■ **Recorded data**:

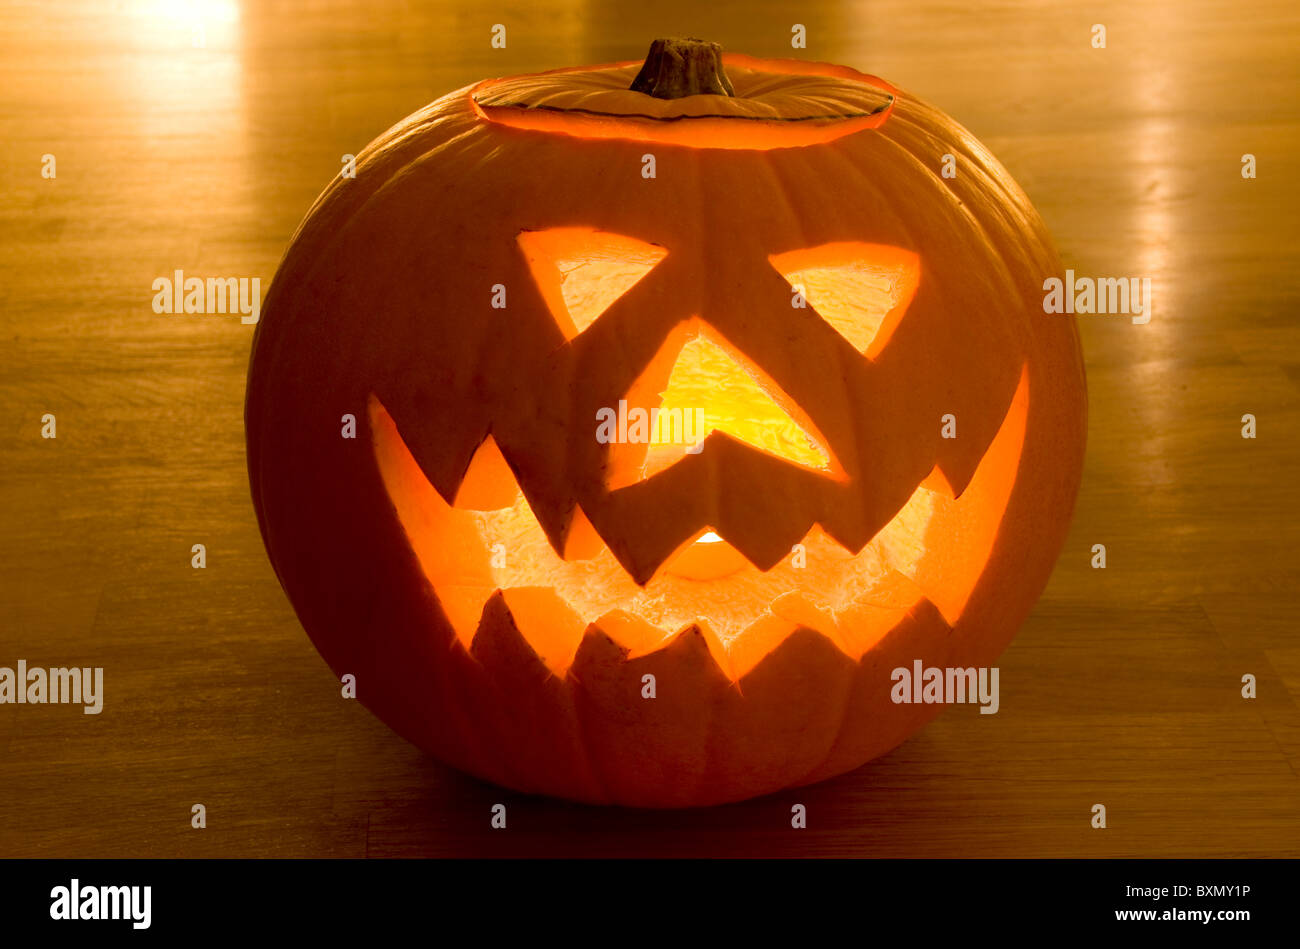 Halloween Pumpkin Head on Wooden Floor Stock Photo
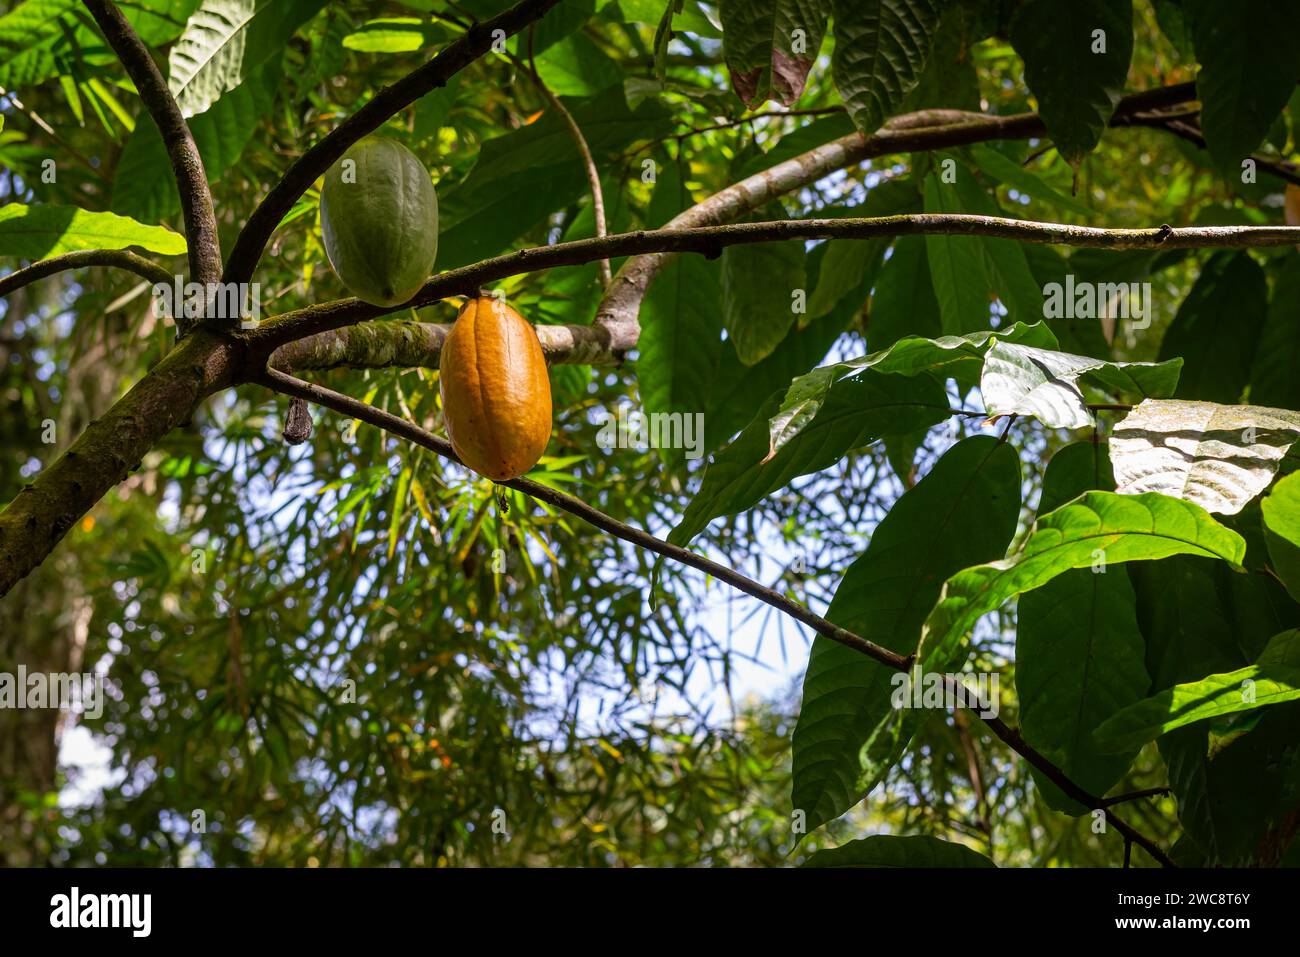 Cocoa pods on the tree ripe organic tropical fruit Trinidad and Tobago local plantation Stock Photo
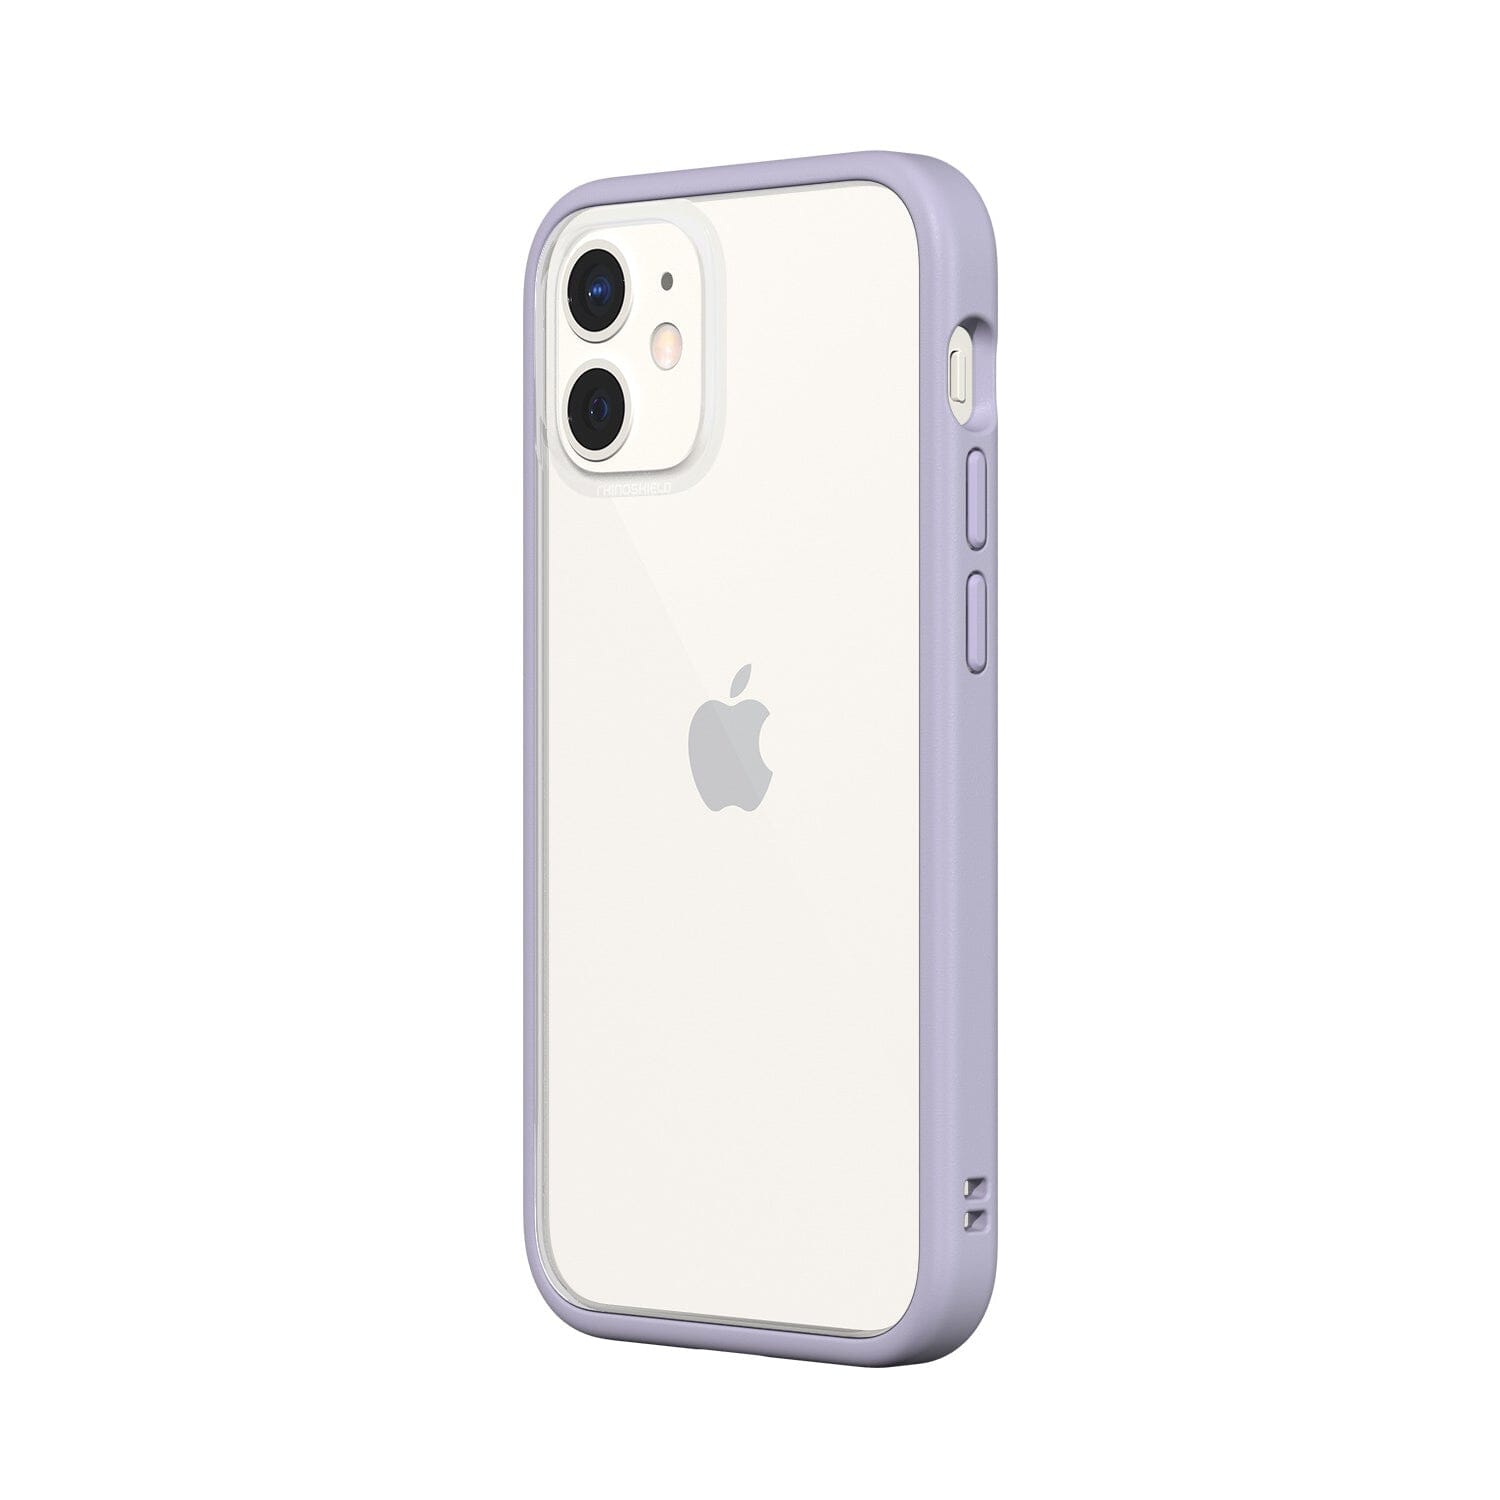 RhinoShield Mod NX Modular Case for iPhone 12 Series (2020) iPhone 12 Series RhinoShield iPhone 12 mini 5.4" Lavender

■ **Requirement**: When you repeat the material, keep every word exact and drop the pictures.

■ **Task response**:
 Halloween Pumpkin Head on Wooden Floor Stock Photo
 Cocoa pods on the tree ripe organic tropical fruit Trinidad and Tobago local plantation Stock Photo
 RhinoShield Mod NX Modular Case for iPhone 12 Series (2020) iPhone 12 Series RhinoShield iPhone 12 mini 5.4" Lavender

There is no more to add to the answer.